In e-mail correspondence, Sarah Mashburn, spokesperson for the American Association of Homes and Services for the Aging (AAHSA; Washington), told Medical Device Daily that the association "opposes both the House and the Senate versions because both versions suggest that this type of waiver can never be done fairly (knowingly and voluntarily) and that arbitration agreements have a negative impact on quality."

Mashburn said "there is no relationship between the forum where a dispute is resolved and the requirement to provide quality care." She also stated that a "blanket prohibition ... is unnecessary" because "courts are already doing their job of policing these agreements."

AHRQ publishes guides to prevent DVTs

Deep-vein thromboses (DVTs) and other blood clots take a huge toll on the lives of individuals and cost the U.S. economy plenty, and the Agency for Healthcare Research and Quality has published two guides to help patients and doctors ward off this often-deadly event.

The Sept. 15 AHRQ statement noted that DVTs affect "at least 350,000 and possibly as many as 600,000 Americans each year," and AHRQ Director Carolyn Clancy, MD, said "we know how to prevent many of these dangerous blood clots, and these guides will help patients and clinicians put that knowledge to work to improve care."
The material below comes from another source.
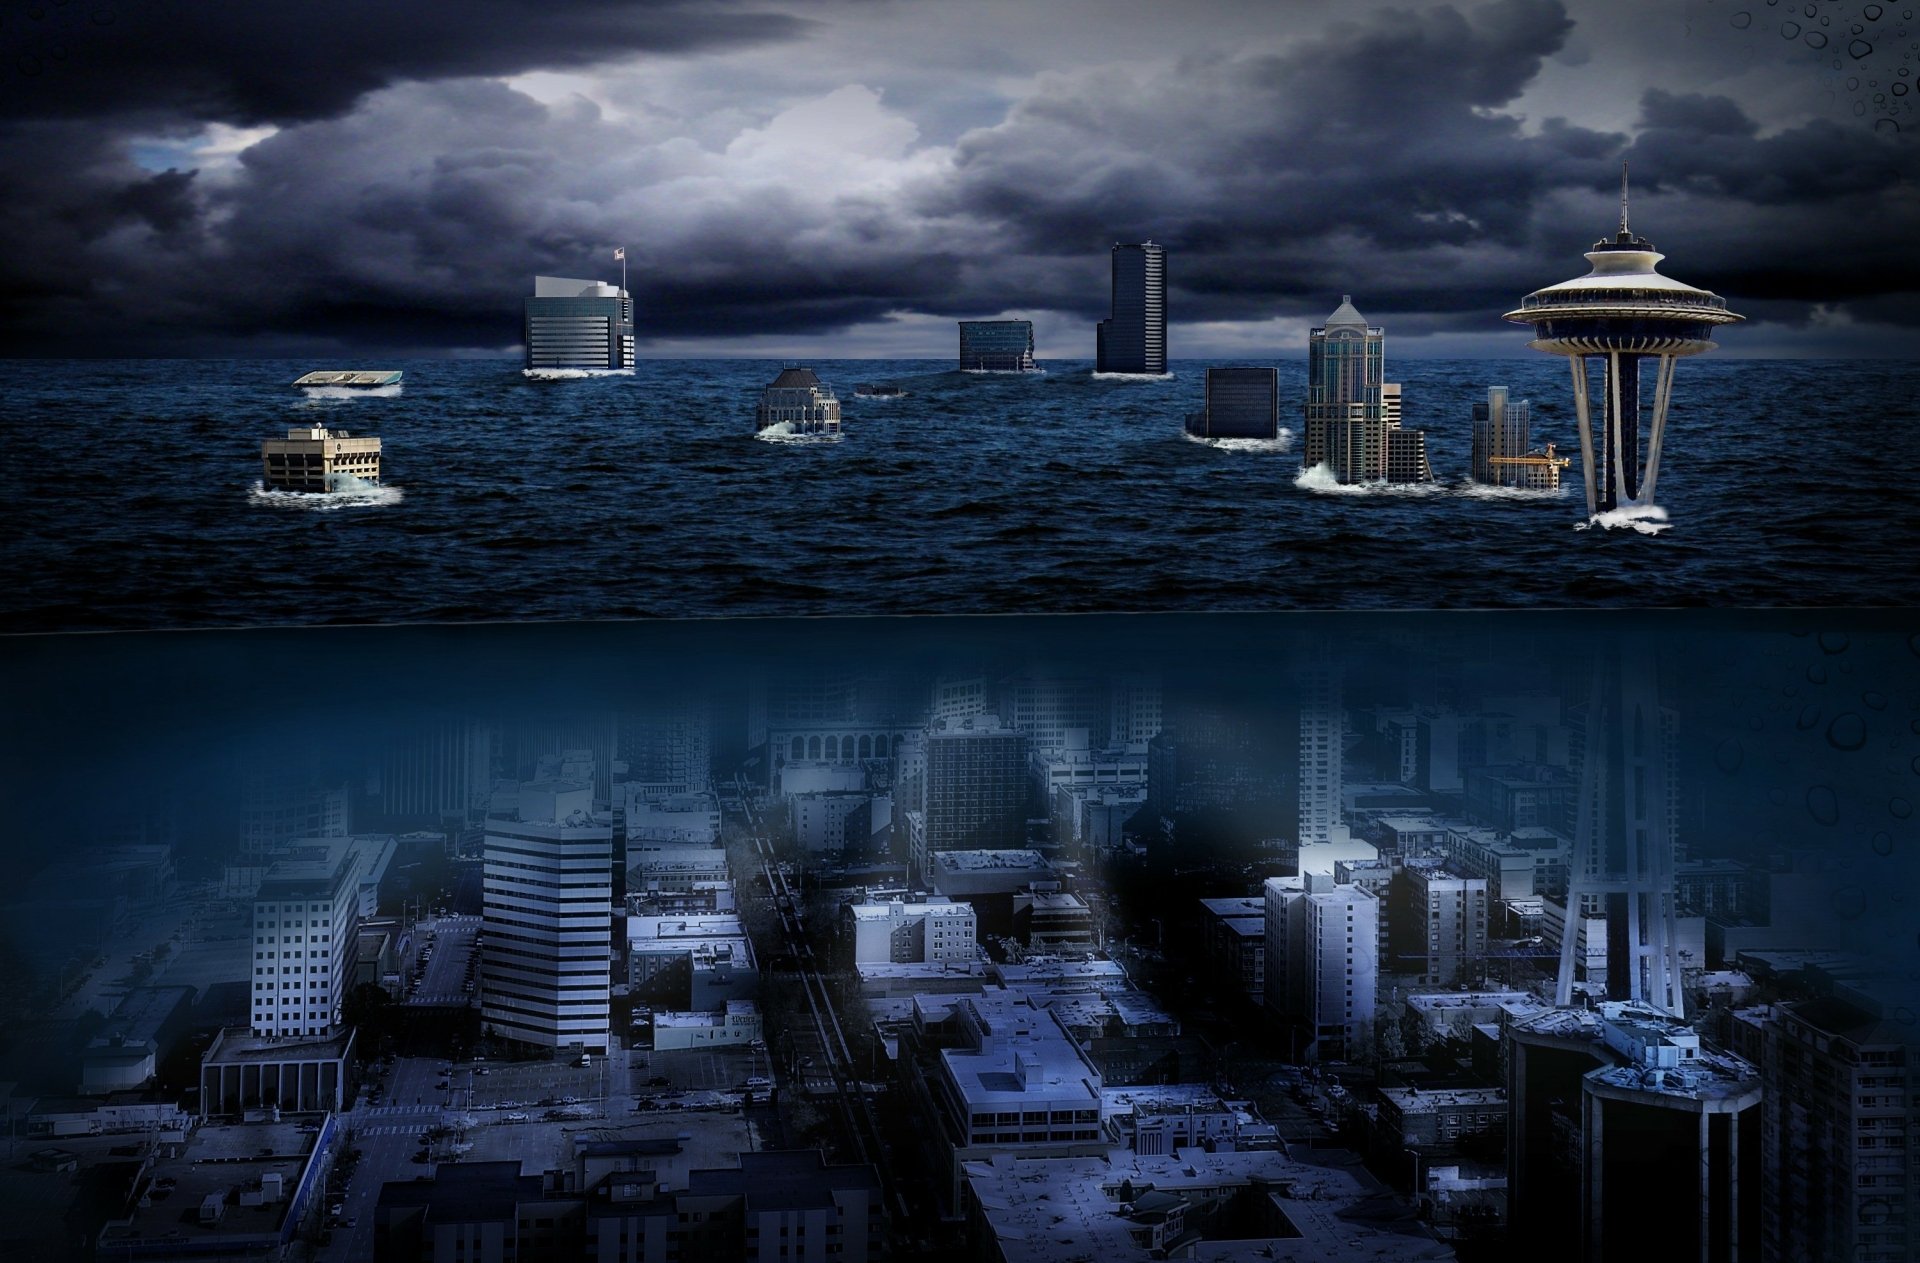 A post-apocalyptic Sci Fi view of Seattle skyline under a dramatic, apocalyptic sky, meeting the ocean in a haunting HD desktop wallpaper.
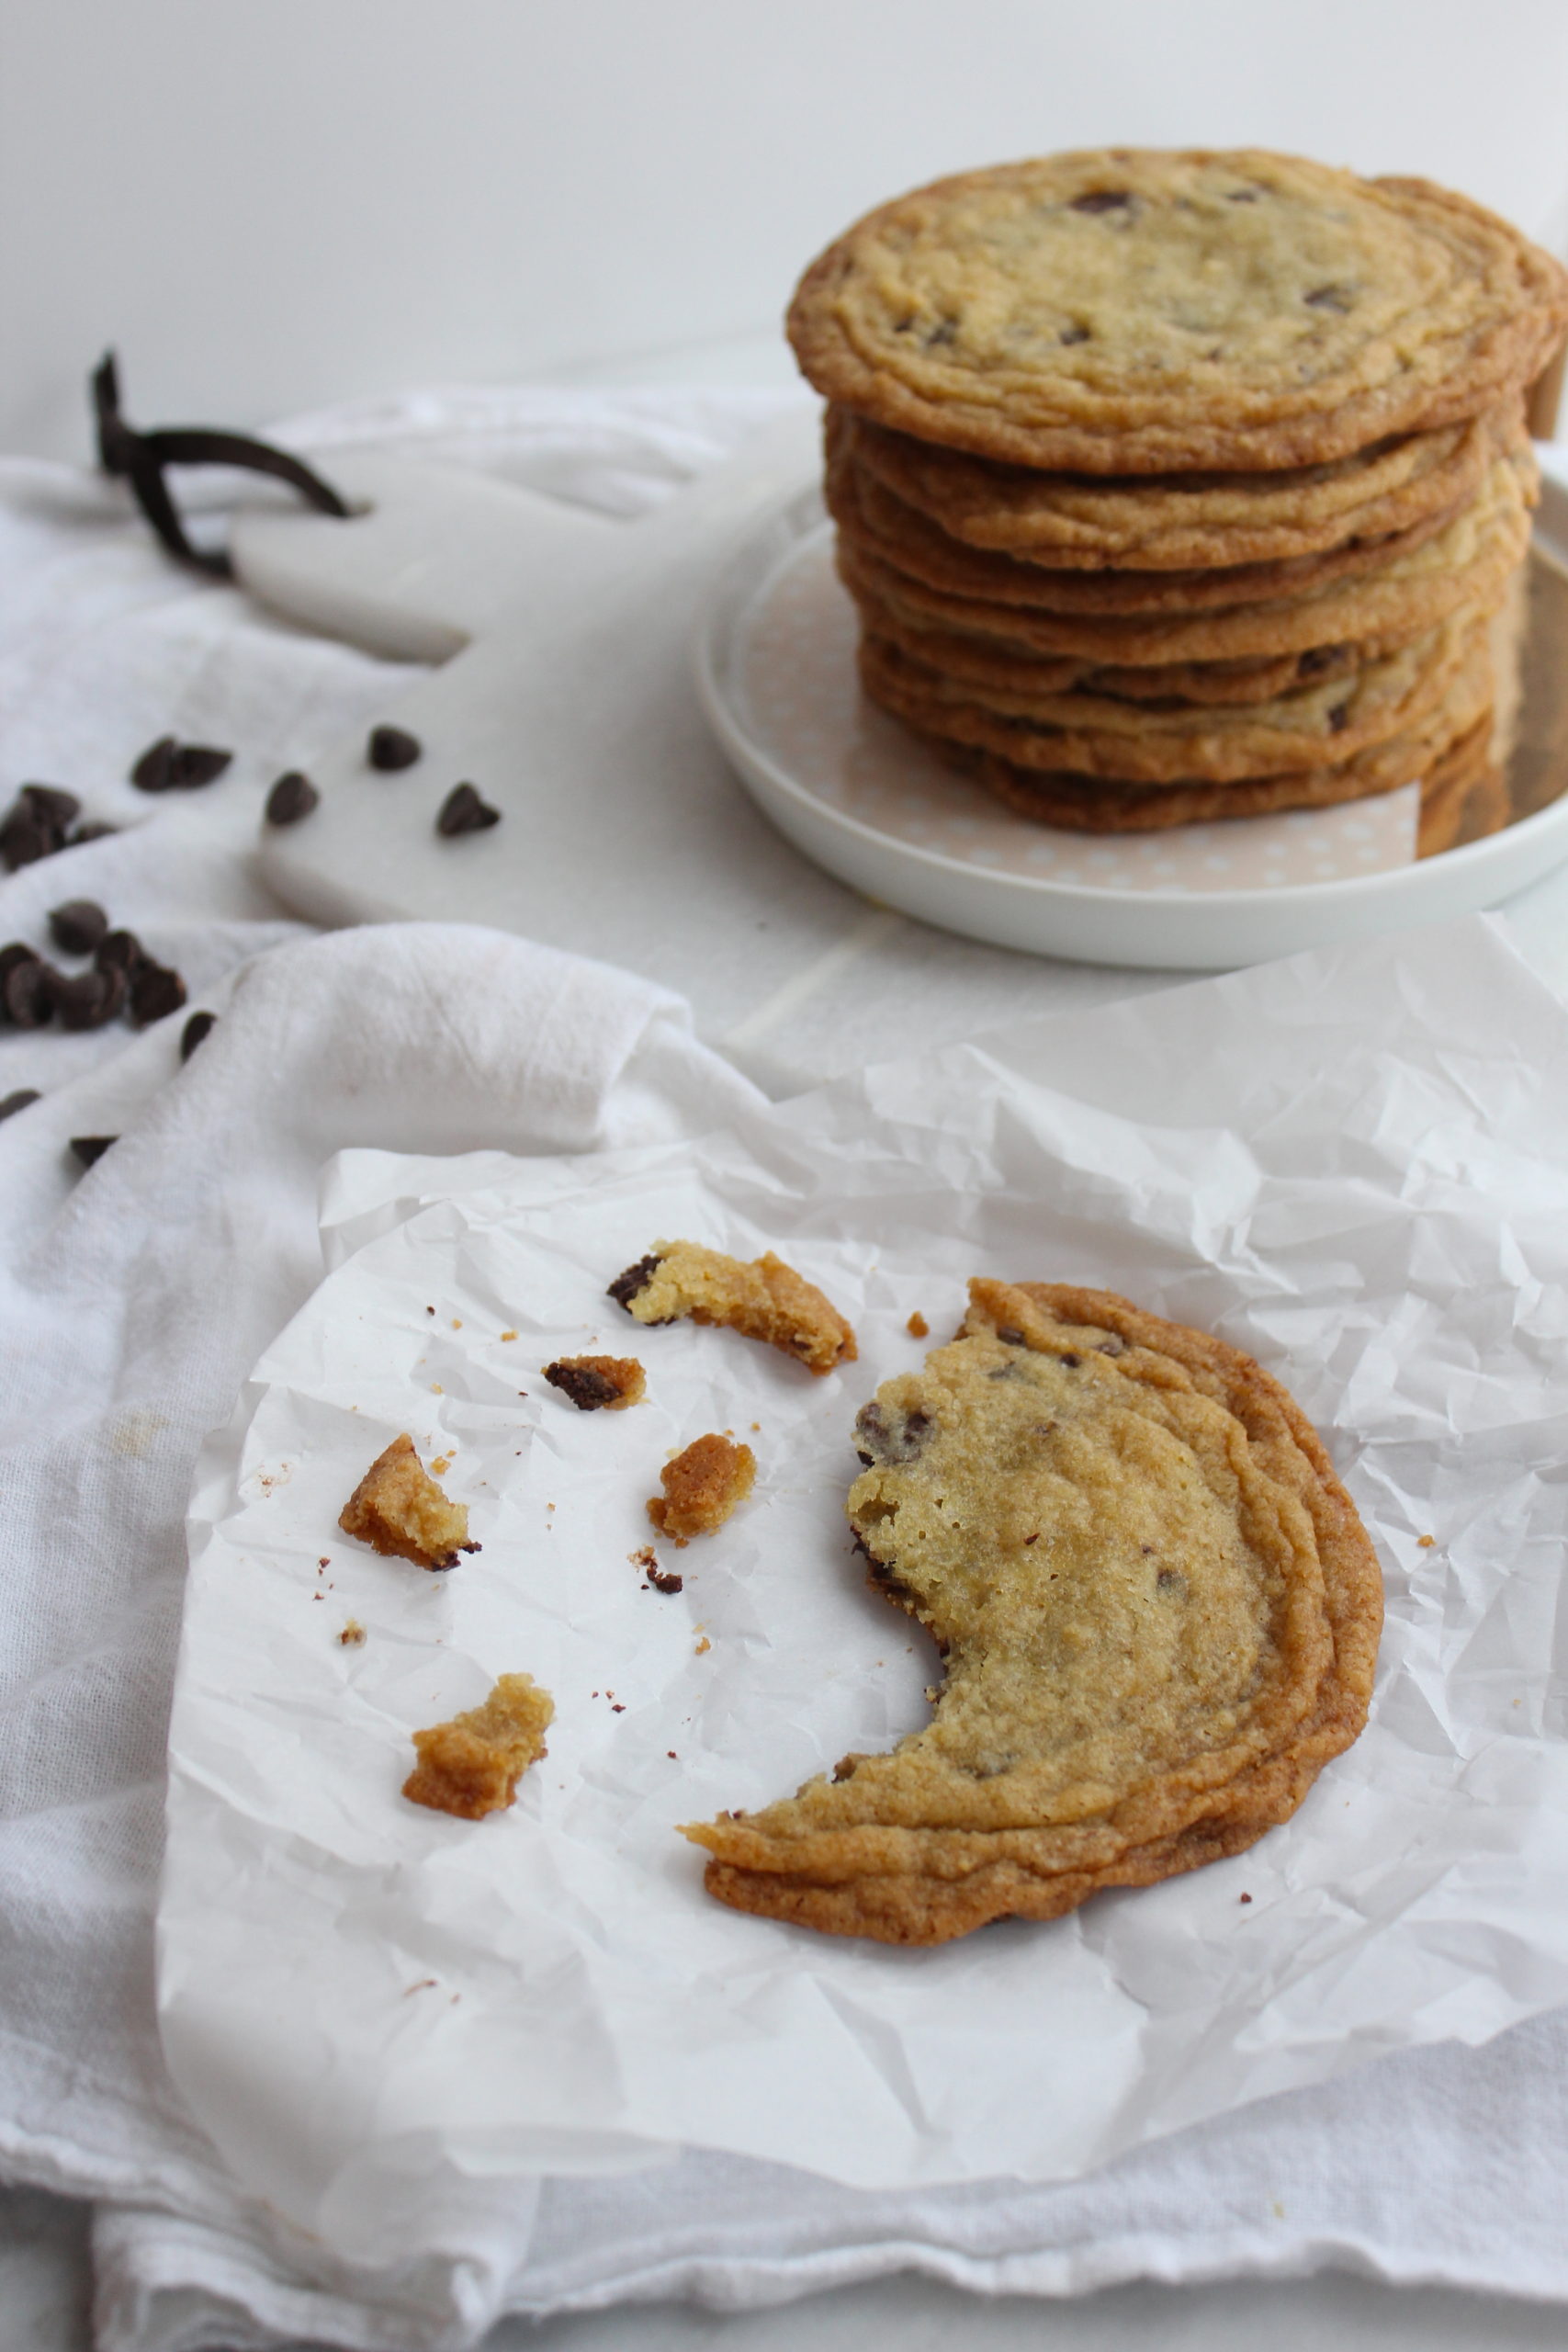 https://sohappyyoulikedit.com/wp-content/uploads/2018/03/Pan-Banging-Chocolate-Chip-Cookies4-scaled.jpg?is-pending-load=1

The booklet for consumers, titled Your Guide to Preventing and Treating Blood Clots, is described as "a 12-page easy-to-read resource that helps both patients and their families identify the causes and symptoms of dangerous blood clots, learn tips on how to prevent them and know what to expect during treatment." The guide for doctors, Preventing Hospital-Acquired Venous Thromboembolism: A Guide for Effective Quality Improvement, is a 60-page guide serving as "a comprehensive tool to help hospitals and clinicians implement processes to prevent dangerous blood clots."

Acting Surgeon General Steven Galson, MD, said the guides are "timely, easy-to-read guides [that] provide valuable information on preventing and treating dangerous blood clots."